Sunshinelittleone's Blog

All about my love for the Lord

Twenty years…

on April 28, 2012
Sunset over mountains

Sunset over mountains (Photo credit: Wikipedia)

“He defends the cause of the fatherless and the widow, and loves the alien, giving him food and clothing.” Deuteronomy 10:18

The Lord is always faithful to His promises.  He does defend the fatherless.  He has defended me. The past twenty years have found me fatherless. But, my heavenly father has guided my every step.  He has never left me or forsaken me.  He has carried me.  He has held me tight in His loving arms.

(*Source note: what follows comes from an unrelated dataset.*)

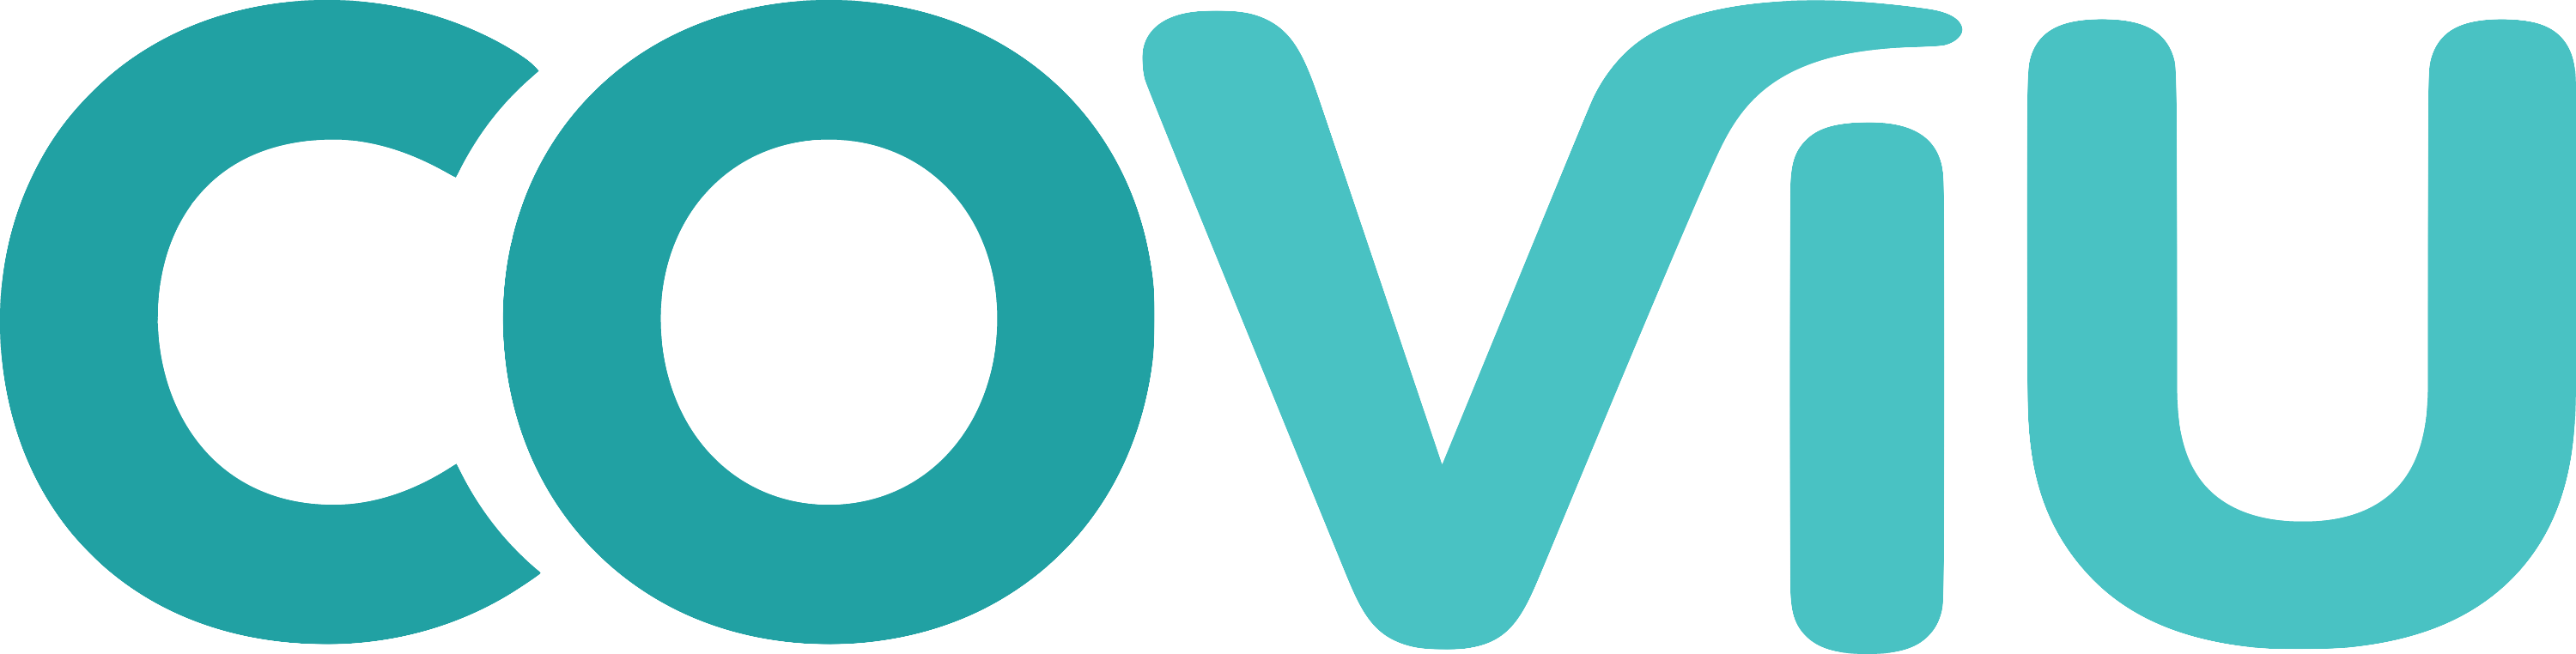 Coviu Logo
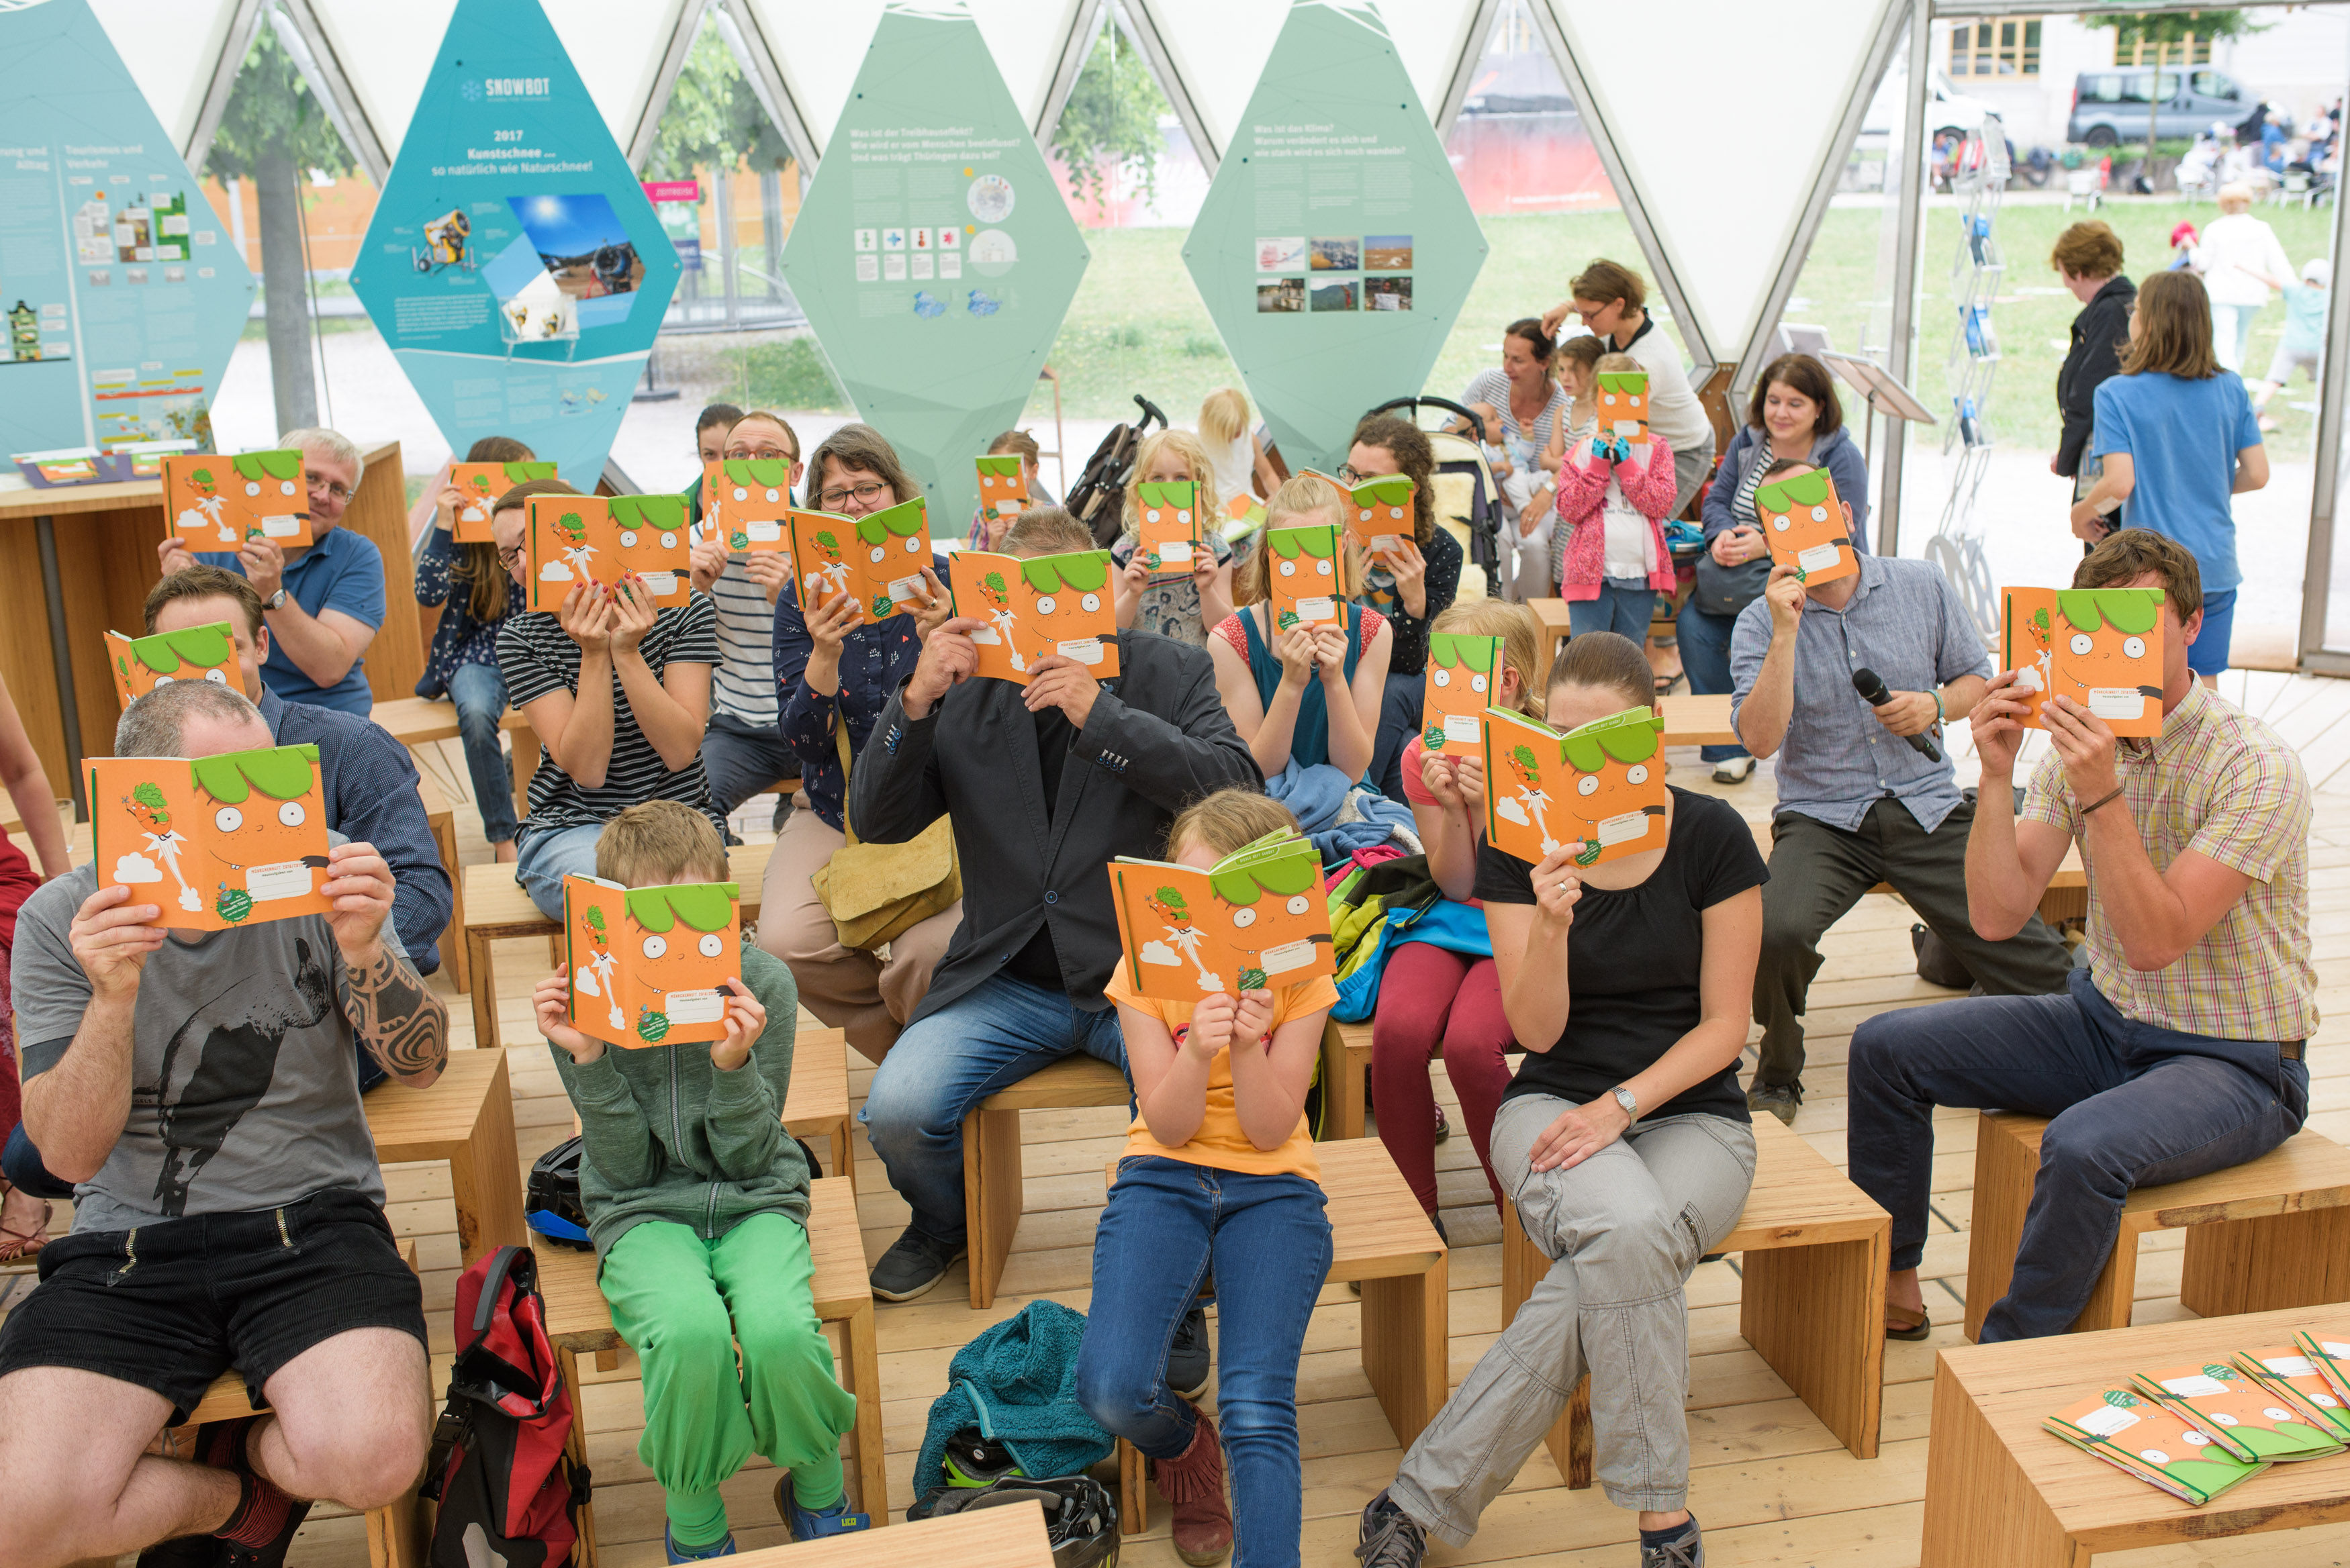 Erwachsene und Kinder sitzen im Klimapavillon und halten aufgeschlagene Möhrchenhefte vor ihre Gesichter

On April 28th, 1992 I came home from school to learn that my father had gone home to be with the Lord while I sat in US Government.  It wasn’t a complete shock, he had been sick with cancer for nearly two years.  A year and a half longer than the doctors had predicted.  We were given the gift of 18 months. The Lord gave us those days to prepare for my dad’s home going.  While we knew that he would soon leave us, his passing was profound nonetheless. When someone so close to you dies, you can feel the ache in your heart. I had hoped that feeling would ebb with time.  It is still palpable.  The ache is for very different reasons now.  There are still days when the news of his passing rings loud in my ears and I feel like I am hearing it for the first time, but mostly the ache is for what I can’t not share with him now…my sweet husband (who he would have totally approved of! Two little children who share so many of my dad’s amazing qualities.  What a blessing from the Lord…a glimpse of the one I loved so much and miss so deeply!)

I miss him.  The Lord has blessed me with sweet memories.  He has given me a son whose smile and eyes remind me of my dad…a little boy who has an insatiable curiosity like his grandpa.  He has blessed me with a little girl who could tromp around in nature, all day, like her grandpa…who isn’t afraid to bait her own line, like her momma!

My dad embodied the role of fatherhood so well.  He was suited to parent. He was fun and adventurous. But most of all he listened well and loved even better. He allowed me to confide in him.  He never judged or condemned me; he just always listened.  He provided me with a safe place to land.  He was the world to me.  I have spent the past twenty years trying desperately to honor his name and memory.

I imagined this day coming.  Twenty years.  I imagined it wouldn’t be so hard.  But it is.  And I am thankful.  I am thankful because the hurt reminds me of the deep love I had for my dad…for that I am eternally grateful.  I had 17 precious years with a man who loved me so well.  I am thankful because I embody so many of his qualities…inside and out.  I am grateful because I was blessed to have a father who was also my best friend.

Today’s gratitude…

  1. A dad who taught me to love fully and deeply
  2. My dad’s hazel eyes, similar to the color of Max’s
  3. His laugh, that even after all these years I can hear in my heart
  4. His encouragement
  5. The strength he pulled out of me
  6. The wisdom he shared with me
  7. The life he lived
  8. My mom
  9. Today…because I have precious memories that sustain me
  10. Heaven

 

Dear Heavenly Father,

I am grateful beyond word for the opportunity to have loved such a wonderful man. I thank you for making him my father. I thank you that you took him home and that someday we will be reunited in Heaven.  Thank you father for the blessing that was Dale Rowell.  In Jesus’ name, Amen.